In our earlier post on statistics, we saw how we can compute the quantiles for the available taxonomy. In this lesson we will use that data plus a category variable to detect significance as shown above in real time. This means that the results may change as more data is added — to me, this makes it a living research document.
First the Nerd Stuff — Moving to Libraries
For this example, I have consolidated into a library most of the key stuff from prior posts. The class diagram is below. I plan to keep expanding it with future posts.
Computating the non-parametric
This is done by selecting a LabTest (remember that technically we cannot compare uBiome numbers to XenoType numbers to Thryve numbers) and then some Category. I opted not to go down the control group to category group path because with my donated data, it is not reliable.
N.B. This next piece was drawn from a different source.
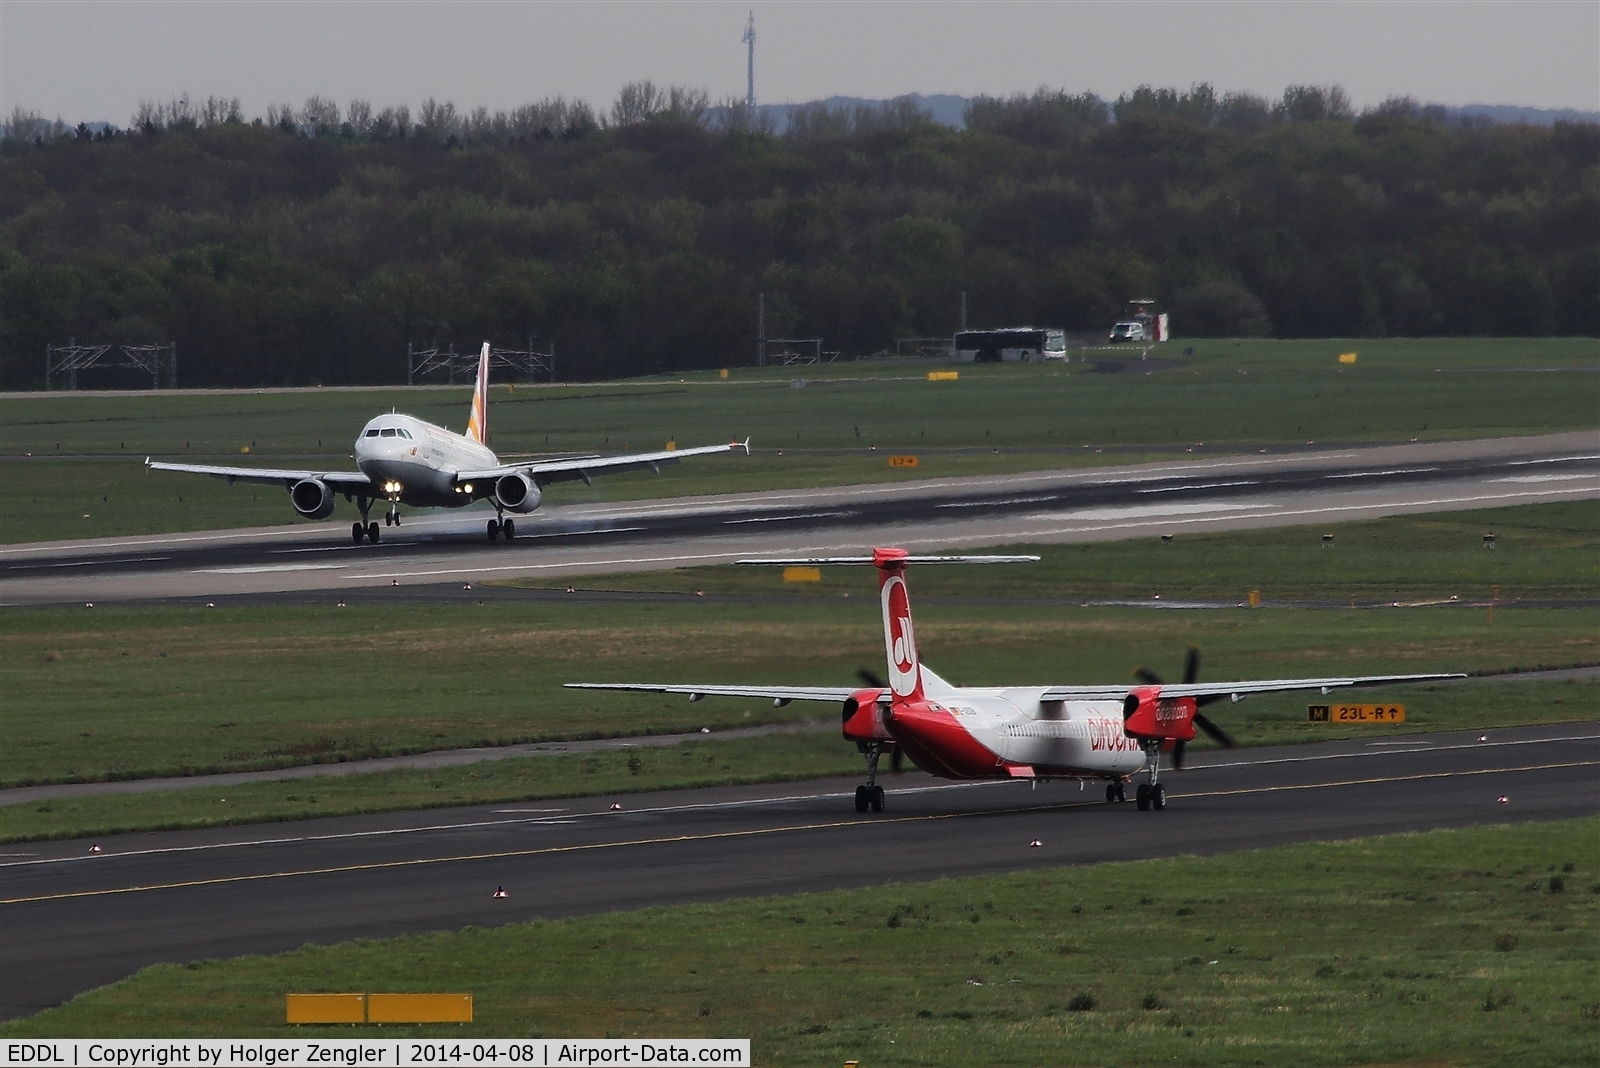 Düsseldorf International Airport, Düsseldorf Germany (EDDL) - One is going the other is preparing to follow on rwy 23R...

I opted to go down the population to category group path, which while technically less sensitive — it is a reasonable approach.
We need to associate Category and Continuous Reports to Lab Results and this means just adding one new table LabResultReport as shown below, it links two timeline items together.
From the @LabTestId and @CategoryId we just need to select which quantile to use. Did we divide data into 3,4,5,6,7 etc. buckets. If you look at the prior post, we see that it is easy to select which one, “Q3_”, “Q4_”, etc is the @quantileRoot. We need one more value: @MinSamples – if we do not have at reasonable number, there is almost no change of getting significant. I usually require 4 data points per bin — so Q3_ -> 12, Q4_-> 16, Q5->20.
Passing these number to a stored procedure, we get a dataset back as shown below:
- StatisticsName (i.e. Q3_1,Q3_2 or Q4_1,Q4_2,Q4_3 etc)
- User Data
- Taxon Data
The process is simply counting the data in User Data in each range and then applying some simple statistics to get P Values.
In terms of the calling program, the code is very simple:
var data = DataInterfaces.GetNonParametricCategoryDataSet(1, 1, "Q4_", 20); var matrix = MicrobiomeLibrary.Statistics.NonParametric.CategoricSignficance(data); matrix.WriteXml("Matrix.xml");
I just dump the data to a file for simplicity sake. You can open this file via excel to get a nice spreadsheet.
For myself, I wrote a long running (24hrs) program that iterated thru the range of values for Categories (and combinations of categories!) with different quantiles.
When we work with Continuous variables, we need to convert the ranges into quantiles (just like we did for taxon). This could be done using the ranges we entered, or by breaking into quantiles. Personally, using quantiles would be my preference because too many numbers are not bell/normal curves but are assumed to be just that. I will leave people to do pull requests with their code suggestions.